Wie sollen die Reformen finanziert werden?
Die Beitragssätze zur Rentenkasse, die Arbeitnehmer*innen und Arbeitgeber*innen je zur Hälfte tragen, sollen von derzeit 18,6 Prozent ab 2028 auf 19,6 Prozent steigen und danach jährlich weiter wachsen. Wer 2.500 Euro brutto verdient, zahlt ab 2028 monatlich 12,50 Euro mehr, ab 2031 weitere 6,25 Euro. Zusätzlich will der Bund ab 2029 weitere Milliarden in die Rentenkasse zuschießen. Auch die Mütterrente wird jährlich Milliarden kosten.
Die „Junge Gruppe“, eineinhalb Dutzend Bundestagsabgeordnete der Jungen Union, will die Reform blockieren. Warum?

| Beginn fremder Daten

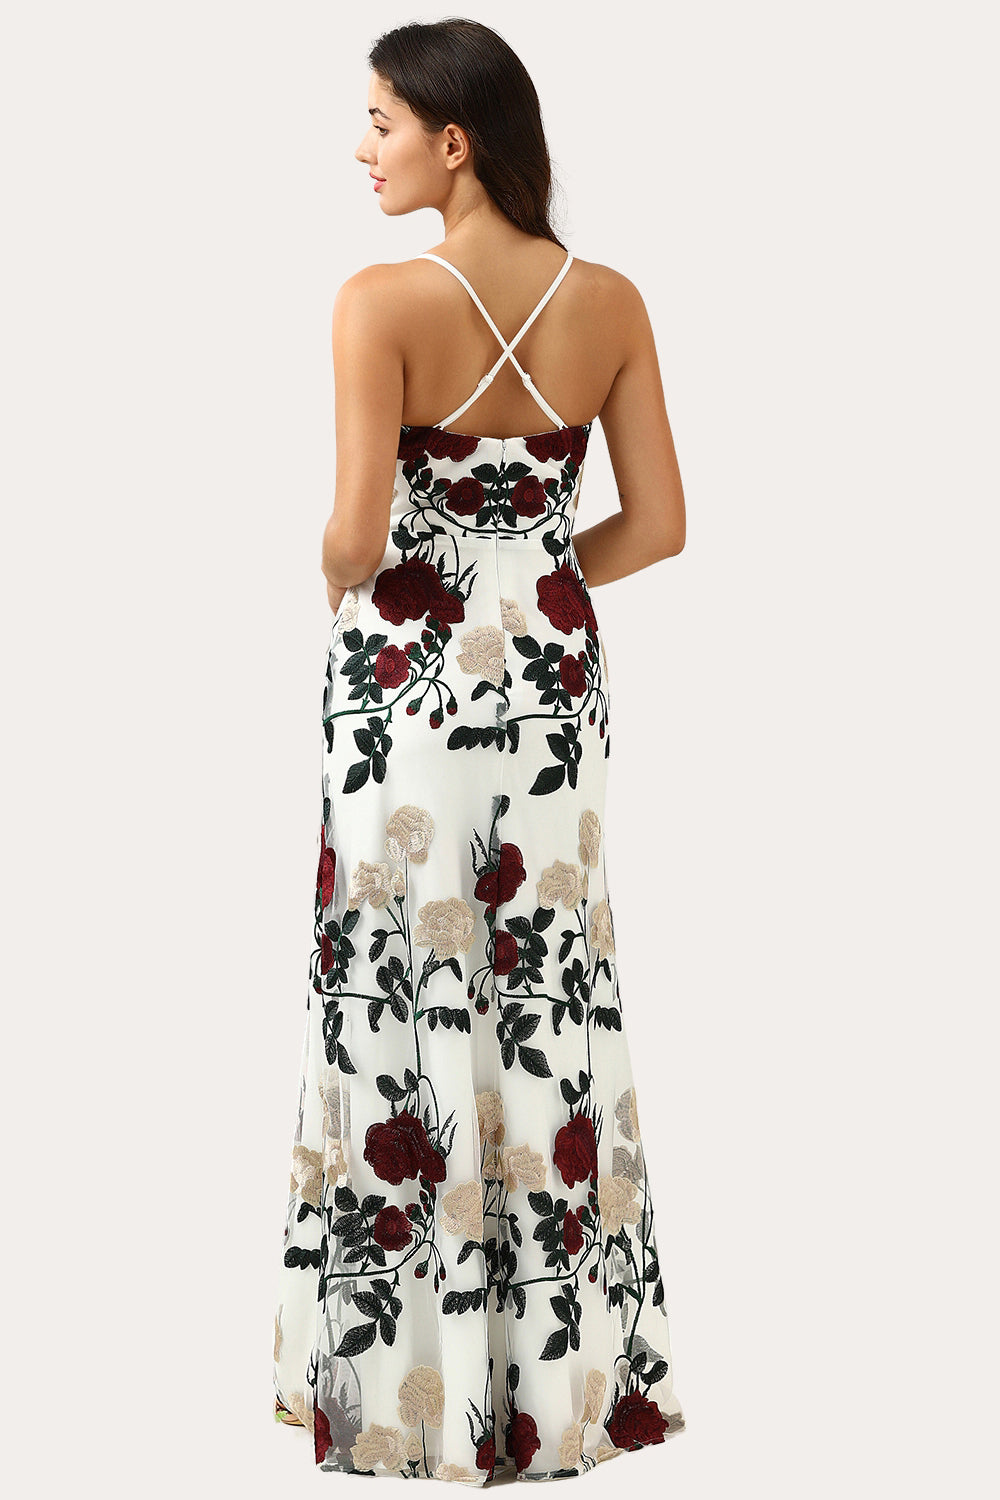 Rose Flower Embroidery White Strap Deep V-neck Bridesmaid Dress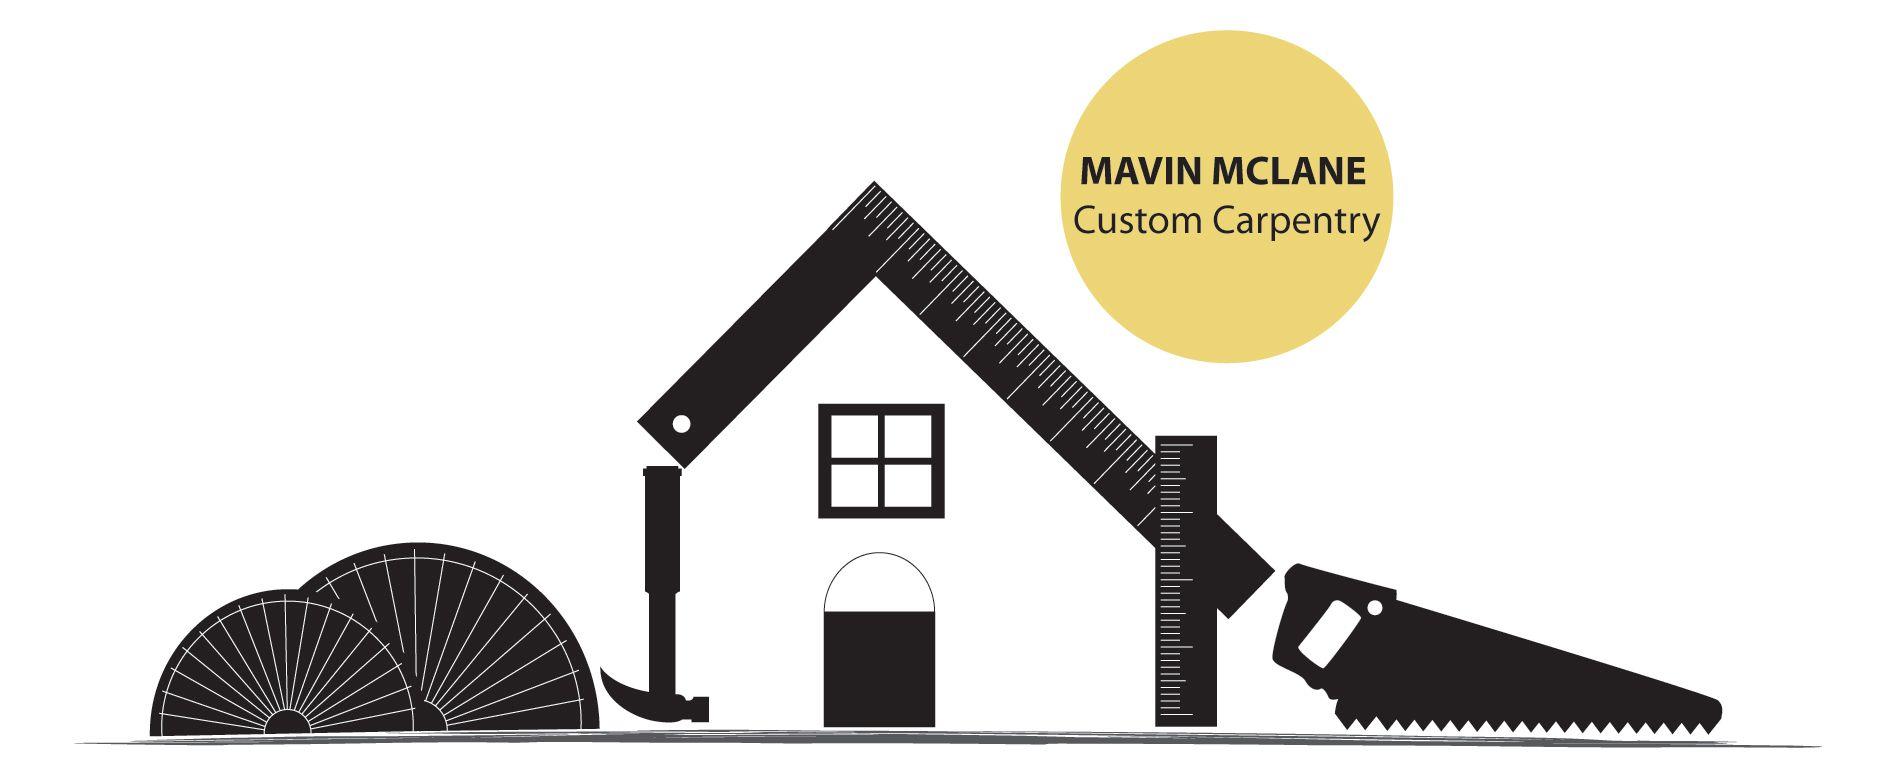 Carpentry Company Logo - Carpentry Logo Design for Mavin McLane Custom Carpentry by J F ...

Die jungen Unionsabgeordneten kritisieren, die Union mache der SPD Zugeständnisse über den Koalitionsvertrag hinaus. Dieser sieht nur vor, das Rentenniveau bis 2031 zu stabilisieren. Das geplante sanftere Absinken danach sei unnötig teuer. Die Rentenkommission, die ab nächstem Jahr arbeitet, solle Vorschläge für die Zeit nach 2031 erarbeiten.
Stimmt das?
Ja, aber. Der Koalitionsvertrag sieht eine Sicherung des Rentenniveaus bis 2031 und eine Rentenkommission vor. Es stimmt auch, dass die sanftere Absenkung des Rentenniveaus im Vergleich zu dem derzeitigen Gesetz teuer wird. Zwischen 2032 und 2040 könnten Zusatzkosten von über 100 Milliarden Euro entstehen. Doch die jungen Unionsabgeordneten argumentieren einseitig. Sie kritisieren weder die teure Mütterrente noch die durch die Aktivrente ausbleibenden Steuereinnahmen – beides Projekte der Union.
Wenn das Rentenniveau fällt, wie sollen Rentner*innen ihren Lebensunterhalt bestreiten?
Das Rentensystem ruht auf drei Säulen: gesetzliche, betriebliche und private Vorsorge. Kritiker*innen der gesetzlichen Rente fordern, dass Arbeitnehmer*innen selbst vorsorgen. Doch viele können sich das nicht leisten, vor allem im Niedriglohnsektor. Die betriebliche Vorsorge lohnt sich hingegen nur, wenn Arbeitgeber*innen einen Großteil der Beiträge zahlen – was selten geschieht. Wer mit der Rente nicht auskommt, bleibt auf die Grundsicherung angewiesen. Auch nach 45 Arbeitsjahren.